How to I deal with claims for backdated holiday pay?

The ruling made it clear that the UK law is incorrect and as such employees are entitled to backdate their claim to previous periods of holiday pay.

However, the Tribunal have limited that period of backdating to a maximum of 2 years, and only when there is a break of less than 3 months in a ‘series of underpayments’. If there is a period of more than 3 months where holiday has not been taken, that will break the chain and thus backdating will cease from that date.

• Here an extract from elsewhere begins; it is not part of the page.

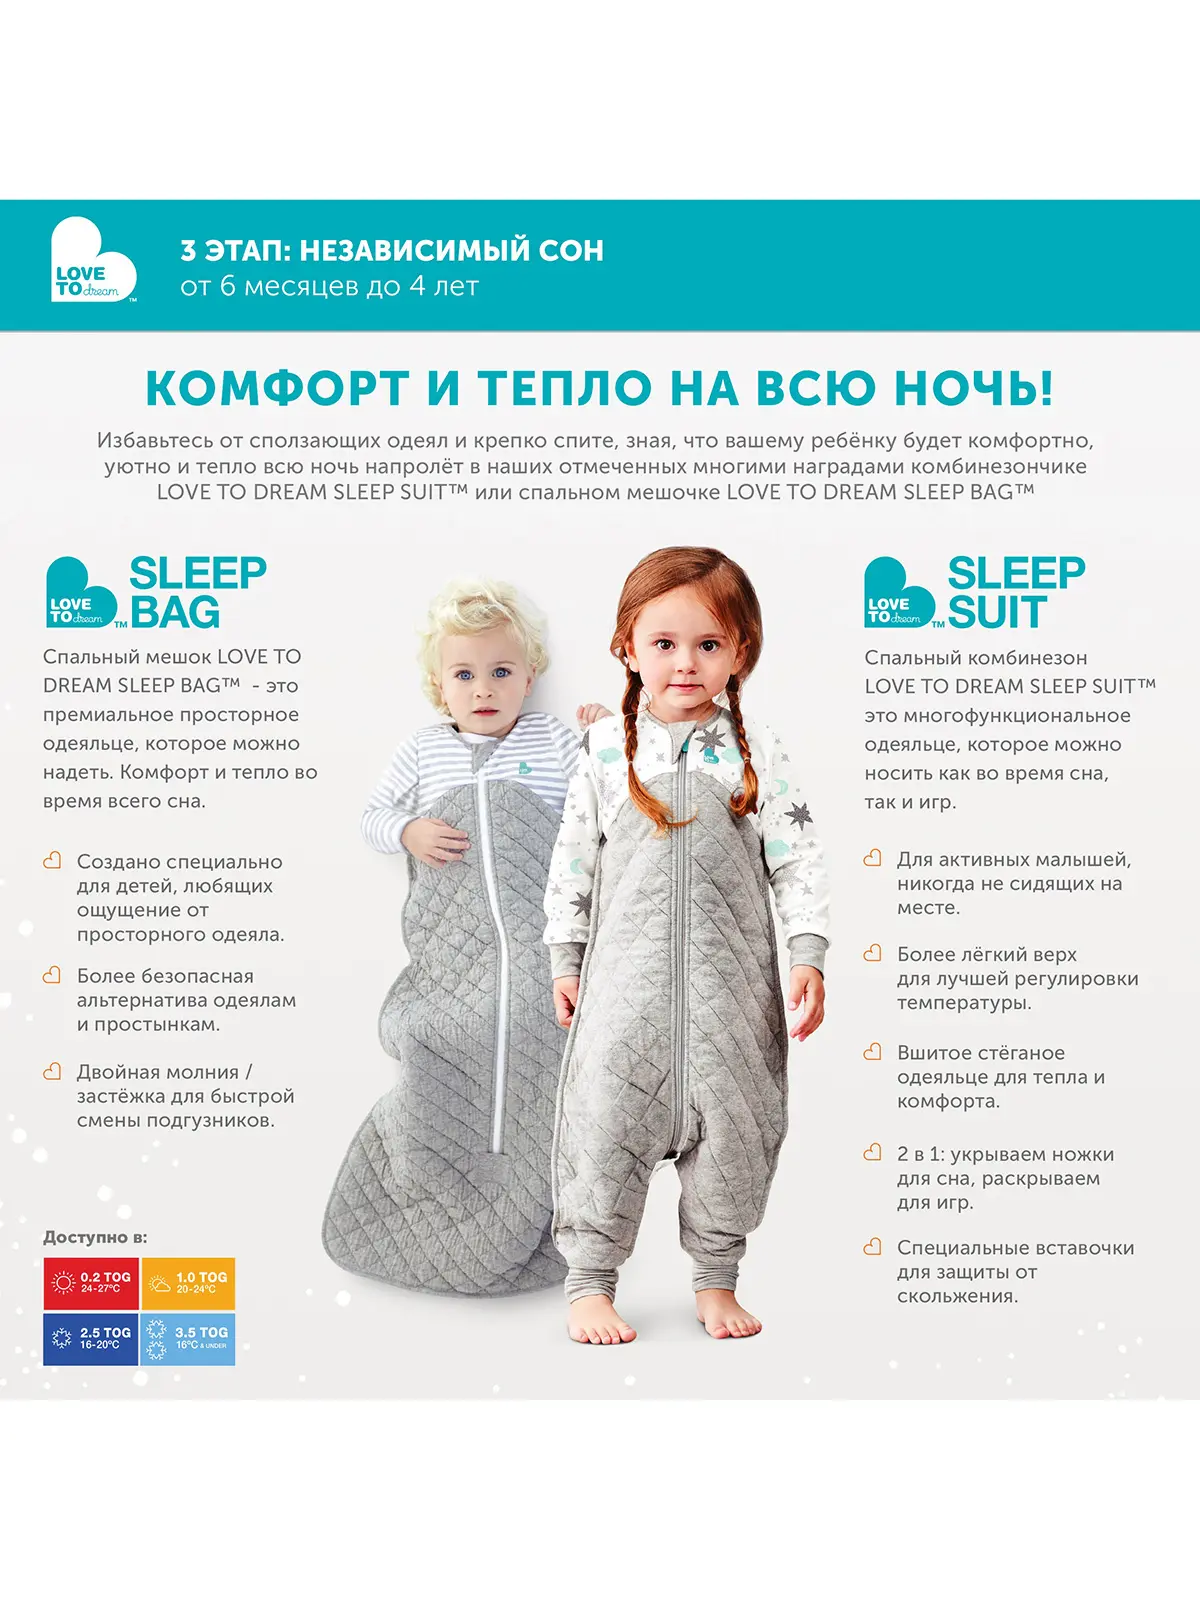 Спальный костюм Sleep Suit 0.2 TOG (12-24 мес.) - фото

In essence, this means that the employee will have to trace back to each period of holiday they have had, and if this holiday is taken within 3 months of the last one, they can go further back, until there is a break of more than 3 months:



An employee takes the following holiday over an annual leave year;

13 January – 20 January – Paid on 28 January 2014

14 April – 16 April – Paid on 28 April 2014

5 May – Paid on 28 May 2014

16 June – 23 June – Paid on 28 June 2014

20 August - 27 August – Paid on 28 August 2014

20 October – 22 October – Paid on 28 October 2014


The employee would be able to back date up to the leave taken on 14 April 2014, as this is where the chain will break, due to there being more than 3 months since there previous holiday period.



Remember
these rules will only apply to the 4 weeks annual provided for in the EU Directive.

 

In the above scenario, if it is deemed the employee takes their core 4 weeks entitlement first, the date of the first unlawful deduction would be on 28 October 2014, as this is the first day of the employees additional 1.6 days leave. In the above scenario it would not alter when the break in the chain occurred.